Let's pick any meromorphic differential and find its corresponding divisor. If you're only interested in finding the divisor class up to linear equivalence, it doesn't matter which meromorphic differential you pick.
So how about $\omega = dz$? That seems like the most obvious choice.
Well, the expression $\omega = dz$ is valid in the $U_0$ patch. It has no zeroes or poles in $U_0$.
However, in the $U_1$ patch, $\omega = d(1/w) = - dw / w^2$. This has an order $2$ pole at $w = 0$.

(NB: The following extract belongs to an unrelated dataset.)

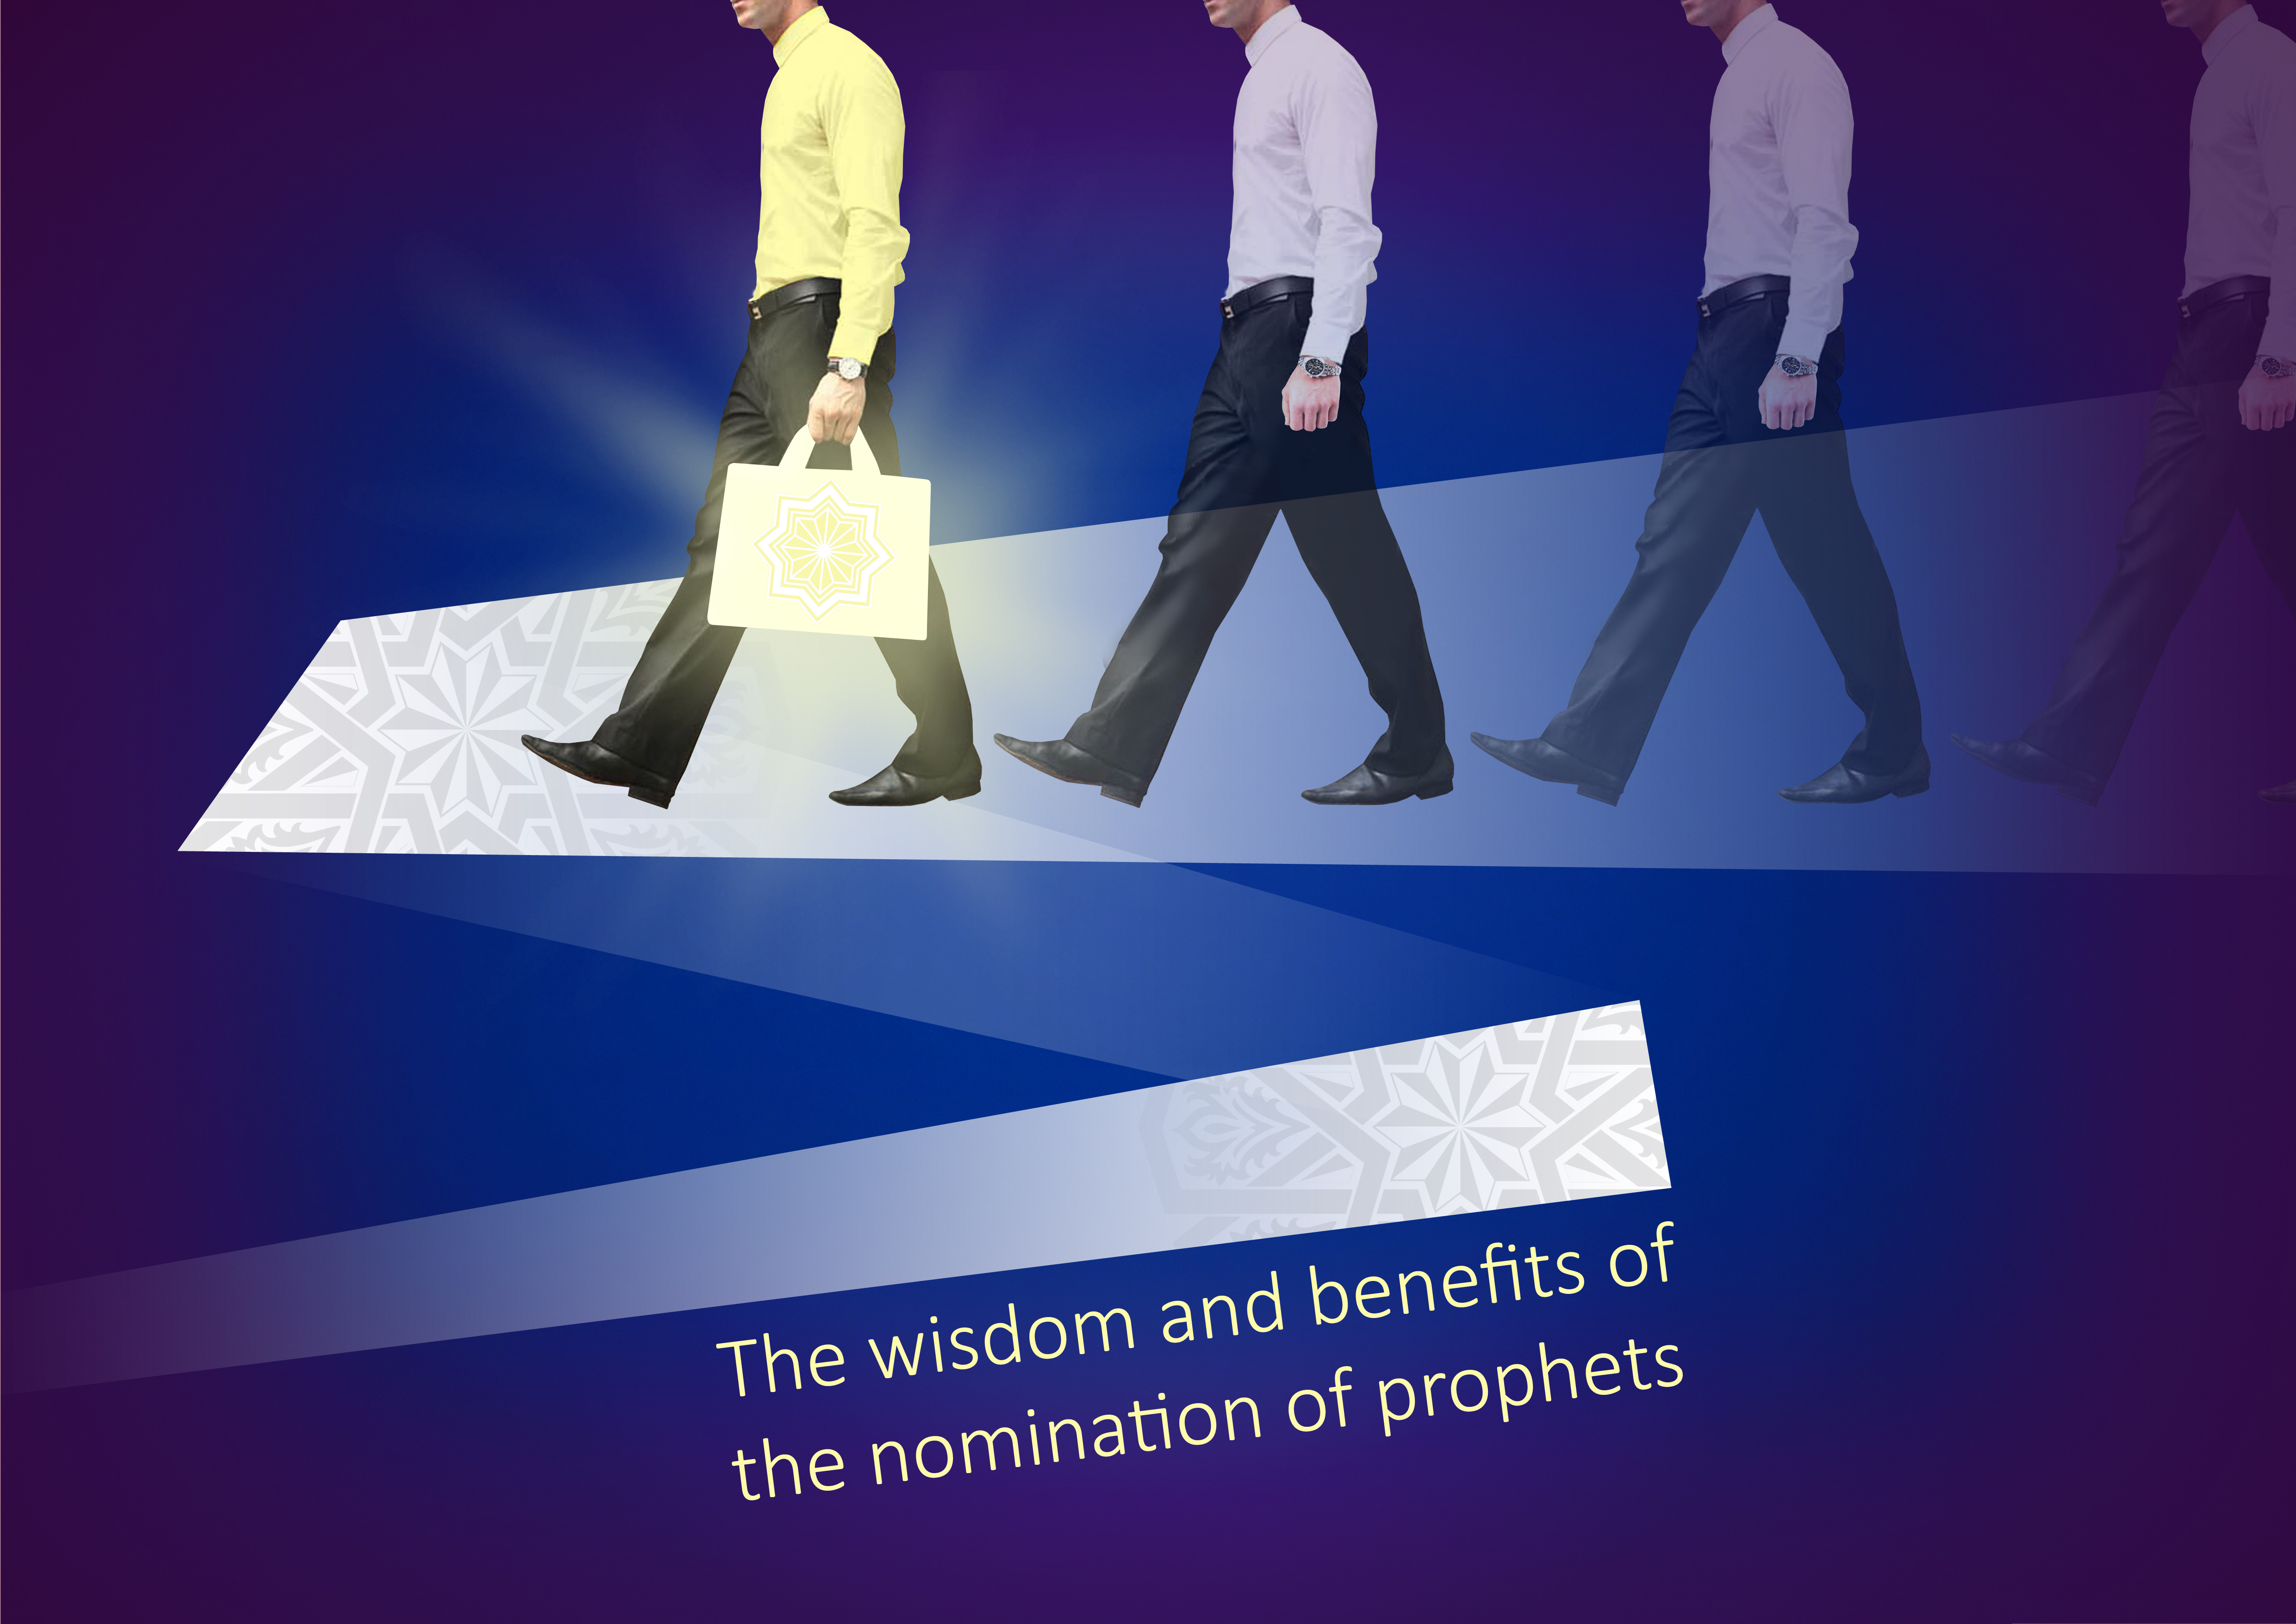 The wisdom and benefites of the nomination of prophets

Thus $v_{w=0}(\omega) = -2$.
[Let me spell out in more detail how to find the valuation of a differential at a point $p$. Let $t$ be any local parameter at $p$. Try to write your differential as $\omega = \alpha(t) dt$, where $\alpha(t)$ is a function in the local ring at $p$. Then find the valuation of $\alpha(t)$. In the example above, $w$ is a local parameter at $w = 0$. Writing $\omega = (-1/w^2)dw$, the $t$ in this example is $w$ and the $\alpha$ is $-1/w^2$. And $-1/w^2$ has valuation $-2$.
To give you a slightly more non-trivial example, suppose the curve is the parabola $V(y-x^2) \subset \mathbb A^2$ and you want to find the valuation of $\omega = ydy$ at $(0,0)$. Here, $x$ is a local parameter but $y$ is not. So you write $\omega = (x^2) d(x^2) = (x^2 ) (2xdx) = 2x^3 dx$. Then you take the valuation of $2x^3$, which is 3.]
Anyway, back to differentials on $\mathbb P^1$. Perhaps you're now wondering what happens if we pick a different $\omega$. Let's try it. How about $\omega = z dz = - dw/ w^3$? This has a single zero at $z = 0$ and a triple pole at $w = 0$. Notice that the degree of the divisor associated to my new $\omega$ is $1 - 3 = -2$, agreeing with the degree for our previous choice, $\omega = dz$. This is how it should be. You expect divisors associated to any two choices of meromorphic differential to be linearly equivalent. Indeed, two divisors on $\mathbb P^1$ are linearly equivalent if and only if they have the same degree.
If you're wondering what a differential actually is, the most practical advice I can give is not to worry. I just think of a differential as a formal expression of the form $f_1 dg_1 + \dots + f_n dg_n$ where $f_i$ and $g_i$ are functions on the curve. You manipulate these formal expressions using the rules that (i) $dc = 0$ for any constant $c$, (ii) $d(f+g) = df+ dg$ and (iii) $d(fg) = fdg + gdf$. These formal expressions are called Kahler differentials, and Hartshorne uses them.